Based on an estimate of 90% strength KOH, this recipe comes out on paper to be superfatted 8%. You can plug those numbers into Soapcalc to see it. I entered the oil amounts, then raised the superfat percentage until it computed 11 oz KOH.

8% is very approximate, but it's high and more than you would want for liquid soap. I'm guessing the recipe was formulated without taking account of the typical 10% moisture content of KOH.


----------



## troyrim01 (Sep 30, 2016)

Thank you 

wow I didn't think it would be that high!

How would I lower my extra additives (liquid silk and sulfonated castor oil) to get a 2% superfat?

I'm going to use the soapcalc on brambleberry and try lower the sulfonated castor oil until it reaches 11oz KOH and a superfat of 2% ....is this a correct method?


----------



## kchaystack (Sep 30, 2016)

troyrim01 said:


> Thank you
> 
> wow I didn't think it would be that high!
> 
> ...



I don't think TOMH even included the castor oil in his calculations. I do not think the silk will affect the superfat, tho silk is usually added to your lye at the beginning not after the saponification is done.

You need to plug your recipe into a soap calc that lets you set the purity of your KOH to 90%, and then set your superfat to 1 or 2 percent and use the new KOH amount to make your lye.


----------



## Susie (Sep 30, 2016)

Actually, you don't calculate the sulfonated castor oil, as it is water soluble.  

And I use Soapee.com, as it is just more user friendly than SoapCalc, IMHO.  
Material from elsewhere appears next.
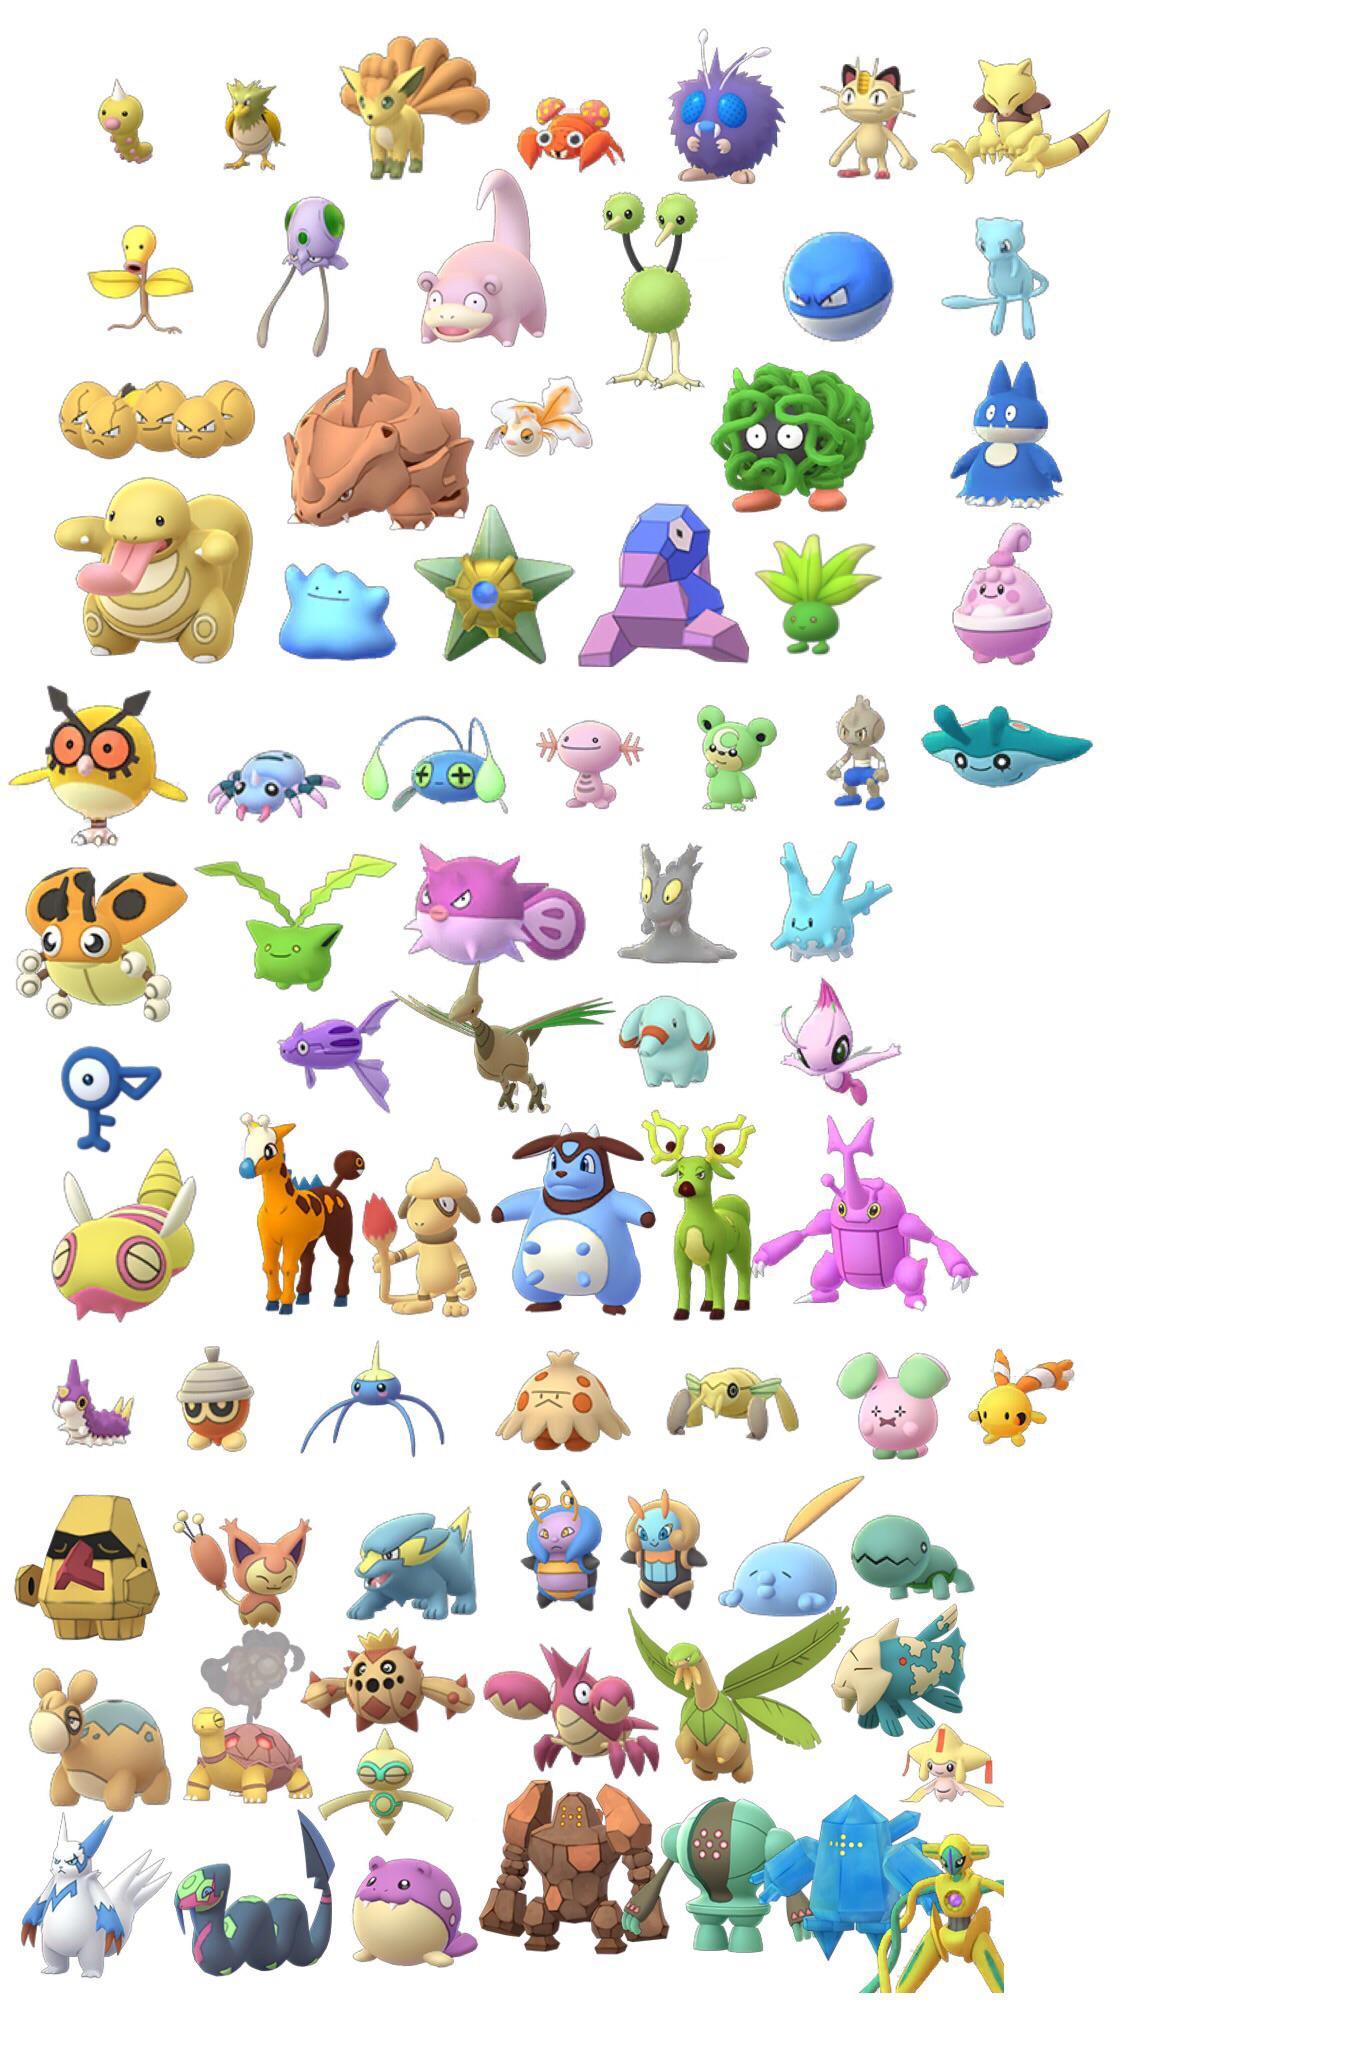 all unreleased shiny pokémon

I would, if I were you, and I wanted to stick to this recipe (although it is not a recipe I would use), I would click the "liquid soap" option, click the "90% purity" option, enter the superfat I wanted, enter the oils and their amounts, then it would give the proper amount of KOH and water to make it.  

You can make an account there and save your recipes.  Very handy.

ETA:  You need to learn how to run your recipes through a lye calculator before making them, no matter where you get them.  Otherwise, you are running the risk of making a lye heavy soap that burns your skin.


----------